It should be noted that the values in the optional range may be added or reduced in the future, and at the same time, the values declared here may not be supported by the container runtime implementation (e.g. runc or rkt).

os string
{
    "os": "linux"
}

os describes the name of the operating system this image is running on. Possible values include:

  • darwin
  • freebsd
  • linux

It should be noted that the values in the optional range may be added or reduced in the future, and at the same time, the values declared here may not be supported by the container runtime implementation (e.g. runc or rkt).

config (aka Container RunConfig) object, optional
{
    "config": {
        "User": "",
        "Tty": false,
        "Env": [
            "PATH=/usr/local/sbin:/usr/local/bin:/usr/sbin:/usr/bin:/sbin:/bin"
        ],
        "Entrypoint": null,
        "Cmd": [
            "sh"
        ],
        "Volumes": null,
        "WorkingDir": "",
        "Labels": null
    }
}

config describes the default parameters used by the container runtime when instantiating the image.

It should be noted that this field can be null, in which case any parameters required to run should be specified when creating the container.

User string
{
    "config": {
        "User": "root"
    }
}

User describes the username or UID that should be used in the container. This value will be used as the default when the value is not specified when the container is created. This field supports the following formats:

  • user
  • uid
  • user:group
  • uid:gid
  • uid:group
  • user:gid

Note that when no group/gid is provided, the default behavior is to configure the default combination of supplementary groups from /etc/passwd in the container based on the given user/uid.

Memory integer
{
    "config": {
        "Memory": 1024
    }
}

Memory describes the memory limit of the container instance (in bytes), which will be used as the default when this value is not specified when creating the container.

MemorySwap integer
{
    "config": {
        "MemorySwap": -1
    }
}

MemorySwap describes the total memory usage (memory + swap) that the container is allowed to use. This value is used as the default value when this value is not specified when creating the container.

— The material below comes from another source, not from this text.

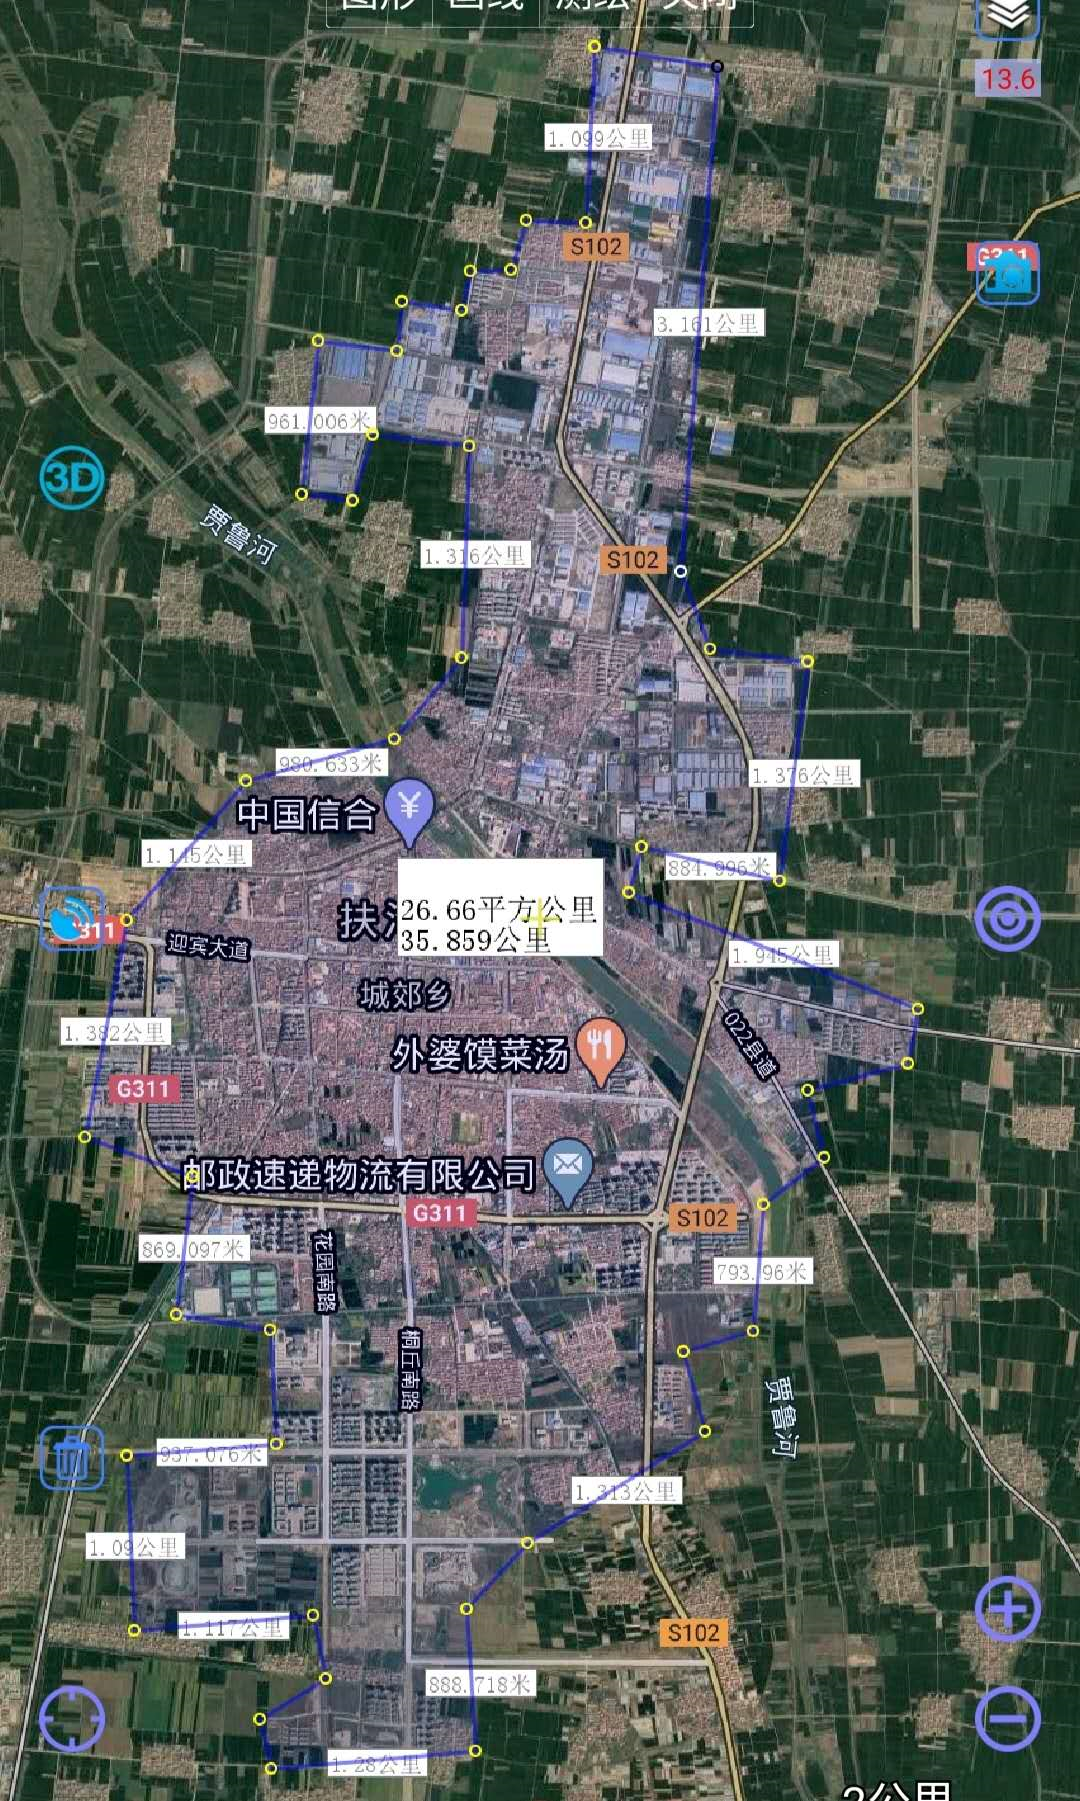 西华县道路规划图片

It should be noted that setting this value to -1 means turning off memory swapping.

CpuShares integer
{
    "config": {
        "CpuShares": 4
    }
}

CpuShares describes the cpu shares relative to other containers, used as the default when this value is not specified when creating the container.

WorkingDir string

WorkingDir describes the working directory where the container starts the entry point process. When this value is not specified when creating the container, this value will be used as the default value.

Env array[string]
{
    "config": {
        "Env": [
            "PATH=/usr/local/sbin:/usr/local/bin:/usr/sbin:/usr/bin:/sbin:/bin"
        ]
    }
}

Env describes the default environment variables when running this image. These values will be used as default values and will be combined with the values specified when creating the container. The format of each item in this list is: VARNAME="VAR VALUE"

Entrypoint array[string]
{
    "config": {
        "Entrypoint": [
            "bash",
            "-c"
        ]
    }
}

Entrypoint A list of parameters describing the command to be executed when starting the container, this value will be used as the default when this value is not specified when the container is created.

Cmd array[string]
{
    "config": {
        "Cmd": [
            "ls",
        ]
    }
}

Cmd describes the default parameters of the container entrypoint. When this value is not specified when creating the container, this value will be used as the default value.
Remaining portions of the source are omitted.